V
La pobreza, buena vecina de la miseria

Marius sentía simpatía por aquel cándido anciano que se veía cogido lentamente por la indigencia y que se iba asombrando poco a poco, sin entristecerse aún. Marius encontraba a Courfeyrac y buscaba al señor Mabeuf. No obstante, lo hacía muy raramente; a lo sumo una o dos veces por mes.

El mayor placer de Marius era dar largos paseos solo por los bulevares exteriores, o por el Campo de Marte, o también por las avenidas menos frecuentadas del Luxemburgo. Algunas veces pasaba medio día contemplando el jardín de un hortelano, los cuadros de lechugas, las gallinas en el estiércol, o un caballo dando vueltas a una noria. Los paseantes le miraban con sorpresa y algunos hallaban en él un aspecto siniestro y una fisonomía sospechosa. Empero, no era más que un joven pobre, meditando sin objeto.

En uno de estos paseos había descubierto la casa Gorbeau, y su aislamiento y bajo precio le tentaron, por lo que se instaló en ella. No se le conocía allí por otro nombre que por el de señor Marius.

Algunos de los antiguos generales o compañeros de su padre le invitaron, cuando le conocieron, a que fuese a visitarlos; y Marius no había rehusado. Eran ocasiones de hablar de su padre. Así, pues, de vez en cuando iba a casa del conde Pajol, a casa del general Bellavesne, del general Fririon, en los Inválidos. Había música y baile. En aquellas noches, Marius se ponía su traje nuevo. Pero no iba nunca a aquellas reuniones ni bailes más que los días en que helaba mucho, porque no podía pagar un coche, y no quería llevar las botas sino como un espejo.

Decía algunas veces, pero sin amargura: «Los hombres están constituidos de tal modo que en un salón pueden entrar cubiertos de lodo por todas partes, excepto en las botas.
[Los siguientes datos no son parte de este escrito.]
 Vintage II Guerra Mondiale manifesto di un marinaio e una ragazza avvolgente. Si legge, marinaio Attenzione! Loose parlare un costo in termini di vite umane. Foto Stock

Para entrar allí, no os piden más que una cosa irreprochable: ¿la conciencia?, no, las botas».

Todas las pasiones, excepto las del corazón, se disipan con la meditación. La fiebre política de Marius se había desvanecido. La Revolución de 1830, satisfaciéndole y calmándole, había ayudado a este fin. Seguía teniendo las mismas opiniones, pero se habían dulcificado. Propiamente hablando, no tenía ya opiniones, tenía simpatías. ¿De qué parte estaba? De parte de la humanidad. En la humanidad escogía a Francia; en la nación escogía al pueblo; en el pueblo escogía a la mujer. A ésta dirigía especialmente su piedad. Ahora prefería una idea a un hecho, un poeta a un héroe, y admiraba más un libro como el de Job que un suceso como Marengo. Y luego, cuando tras un día de meditación se iba por las noches a los bulevares, y a través de las ramas de los árboles descubría el espacio sin fondo, los resplandores sin nombre, el abismo, la sombra, el misterio, todo lo que es humano le resultaba pequeño.

Creía, y tal vez con razón, haber llegado a la verdad de la vida y de la filosofía humana, y había terminado por no mirar casi más que al cielo, única cosa que la verdad puede ver desde el fondo de su pozo.
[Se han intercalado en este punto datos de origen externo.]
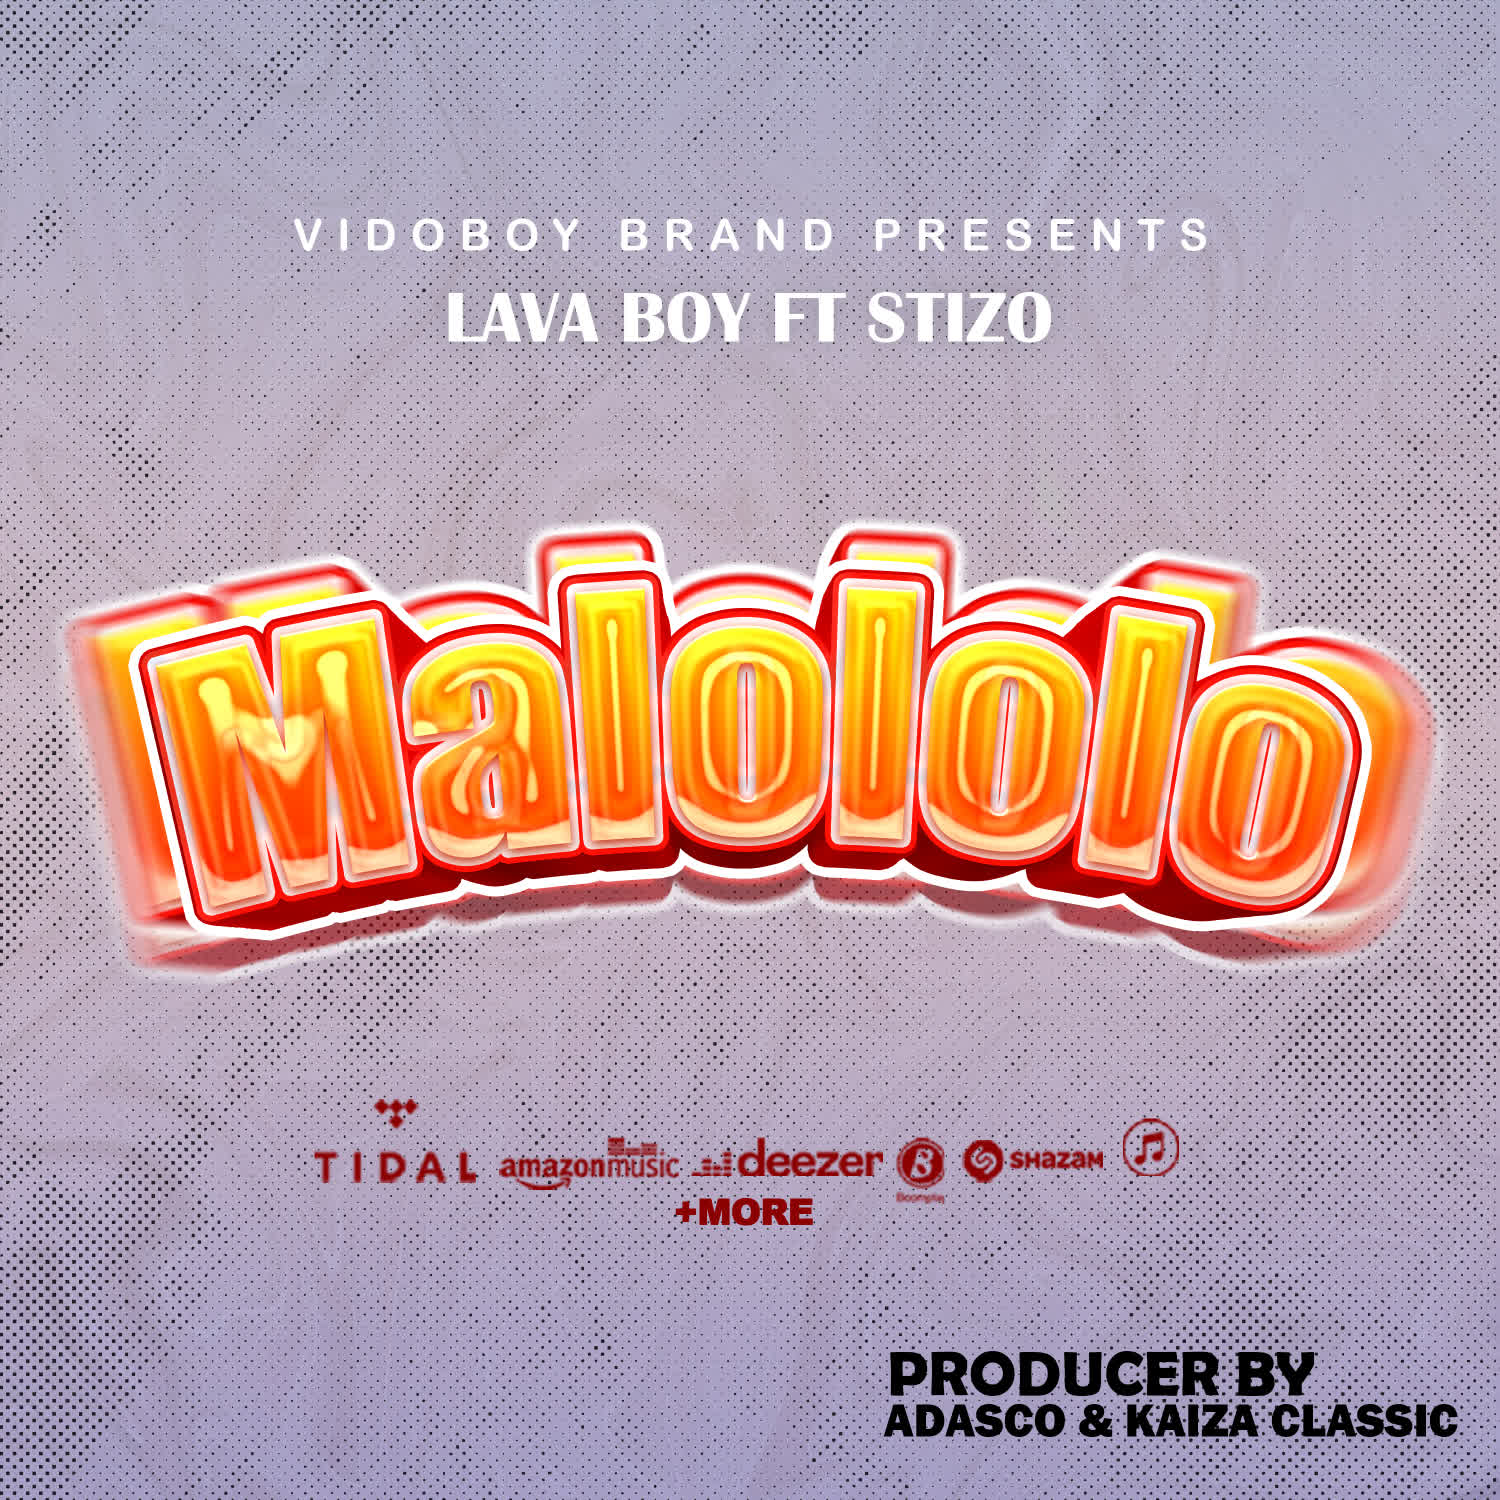 Audio |  Lava Boy Ft. Stizo – Malololo | Download MP3

Esto no le impedía multiplicar los planes, las combinaciones, los castillos en el aire, los proyectos para el porvenir. En este estado de meditación, si un ojo humano hubiera mirado el interior de Marius, se habría quedado deslumbrado por la pureza de su alma. En efecto, si hubiese sido dado a nuestros ojos de carne ver en la conciencia del prójimo, se juzgaría con más acierto a un hombre por lo que suena en su imaginación que por lo que piensa. En el pensamiento hay voluntad, pero no la hay en el sueño. El sueño, cuando es espontáneo, adopta y conserva, aun en lo gigantesco e ideal, la figura de nuestro espíritu; nada sale más directa y más sinceramente del fondo mismo de nuestra alma que nuestras aspiraciones irreflexivas y desmesuradas hacia los esplendores del destino. En estas aspiraciones, más que en las ideas compuestas, razonadas y coordinadas, es posible encontrar el verdadero carácter del hombre. Nuestras quimeras son los objetos que más se nos parecen. Cada uno sueña con lo desconocido y lo imposible según su naturaleza.

Hacia mediados de aquel año de 1831, la vieja que servía a Marius le contó que iban a despedir a sus vecinos, a la miserable familia Jondrette. Marius, que pasaba casi todo el día fuera de casa, apenas conocía a sus vecinos.

—¿Y por qué los despiden? —preguntó.

—Porque no pagan el alquiler. Deben dos trimestres.

—¿Cuánto es?

—Veinte francos —contestó la vieja.

—Tomad —dijo a la vieja—, aquí tenéis veinticinco francos. Pagad por esa pobre gente, dadles cinco francos y no digáis que lo hago yo.